It's a new tank though so that may be the issue, but it made me think maybe the food I feed my frogs may contain something that causes diatoms. I feed earthworms and reptomin mostly (also wet/frozen foods but I feed these to my fish tanks as well so I rule these out).

Here's my weird theory on earthworms though, they're cultured in humus, the frogs eat the earthworms, their guts contain humus and they poop it out into the tank. So basically the humus goes through the digestive tract of the frogs and then gets into the water column of my tank, creating a possible excess silicate source (assuming humus contains silicates I haven't confirmed this).
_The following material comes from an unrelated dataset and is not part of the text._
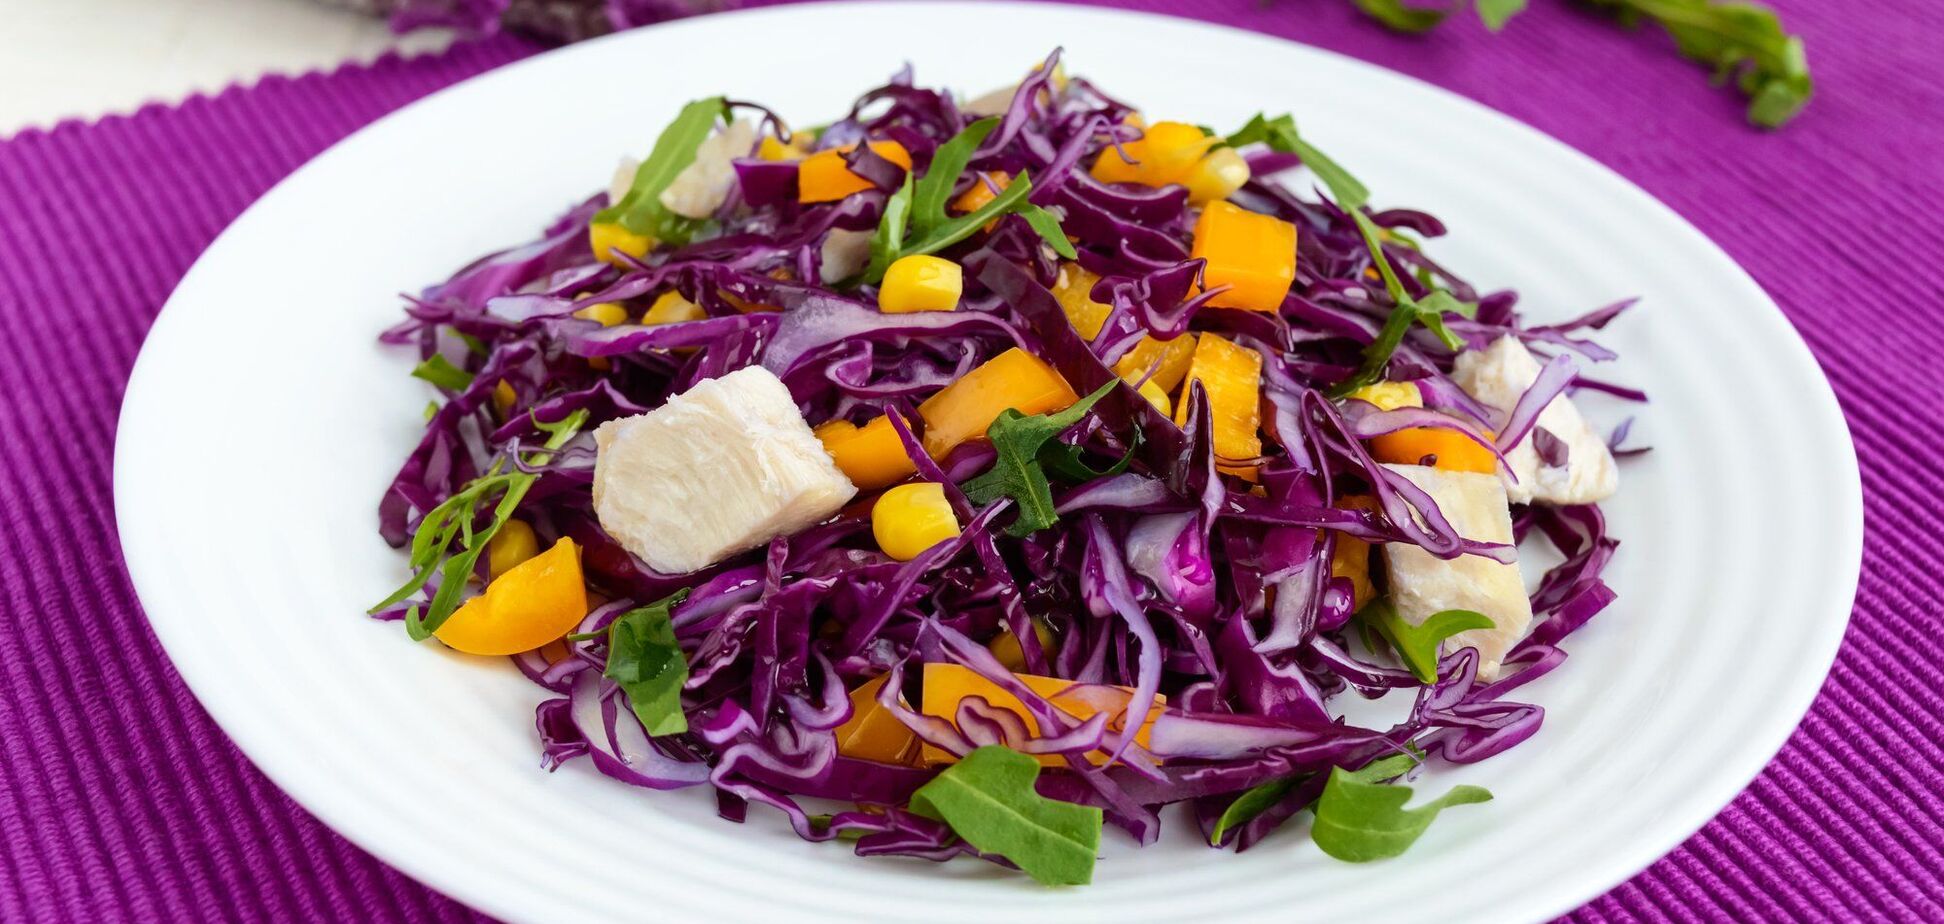 Салат з червоної капусти за 5 хвилин: ідеальний швидкий перекус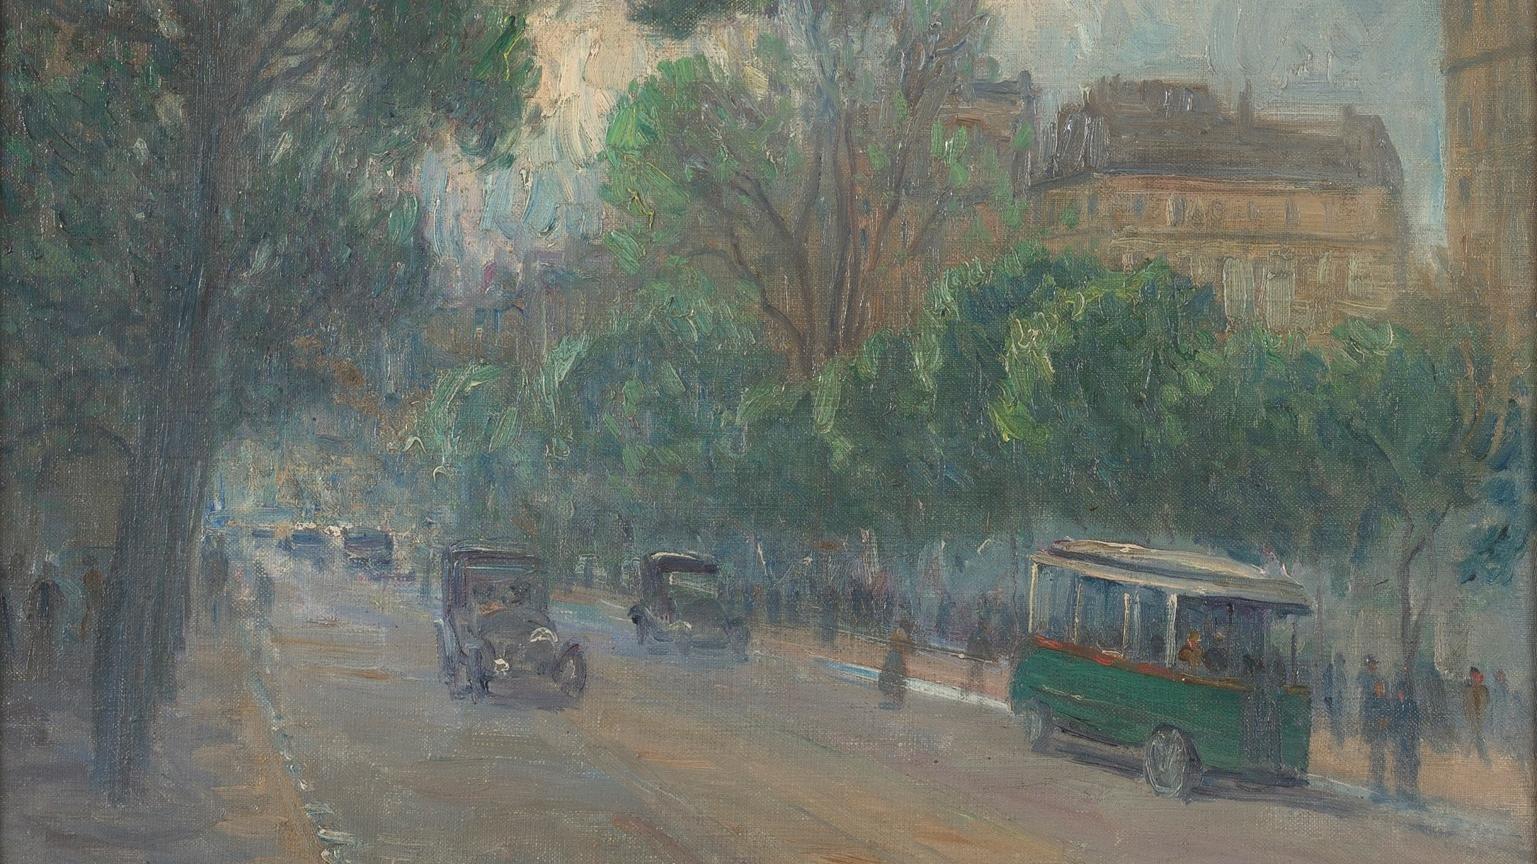 Pintura que representa una avenida con árboles en sus costados y vehículos circulando

Again that is perhaps a crazy theory. I guess a good question is, has anyone here fed earthworms to large predatory fish and gotten diatom blooms?


----------



## pantherspawn (Dec 21, 2011)

I don't know about hummus and earthworms, but i do use carb sea moonlight and tahitian moon sand.. Don't have a problem with the moonlight but the tahitian moon is what's in my puffer tank with the led. No led on the moonlight. So who know. Haha


----------



## mnemenoi (May 28, 2012)

We had a Tanganyikan tank with that sand and was plagued by diatoms (very low light), but added a micron filter, dosed Excel, and were eventually able to eliminate the issue. Good luck!!!


----------



## Flear (Jul 10, 2013)

i'm skipping ahead, ... blue-green algae (cyanobacteria) is a type of bacteria, it is not absolute that it's going to have a distinct color and may very well range the colors of the rainbow


----------



## Michael M (Sep 20, 2012)

Flear said:


> i'm skipping ahead, ... blue-green algae (cyanobacteria) is a type of bacteria, it is not absolute that it's going to have a distinct color and may very well range the colors of the rainbow


I've only had obvious cyanobacteria in this tank once. It was when I used to turn my spray bar against the glass to reduce flow in my tank because clawed frogs prefer stagnant water. I learned my lesson on this because I started to get BBA and I noticed some BGA (the blue-green type) growing on a piece of driftwood and on the roots of one of my floating water sprite plants.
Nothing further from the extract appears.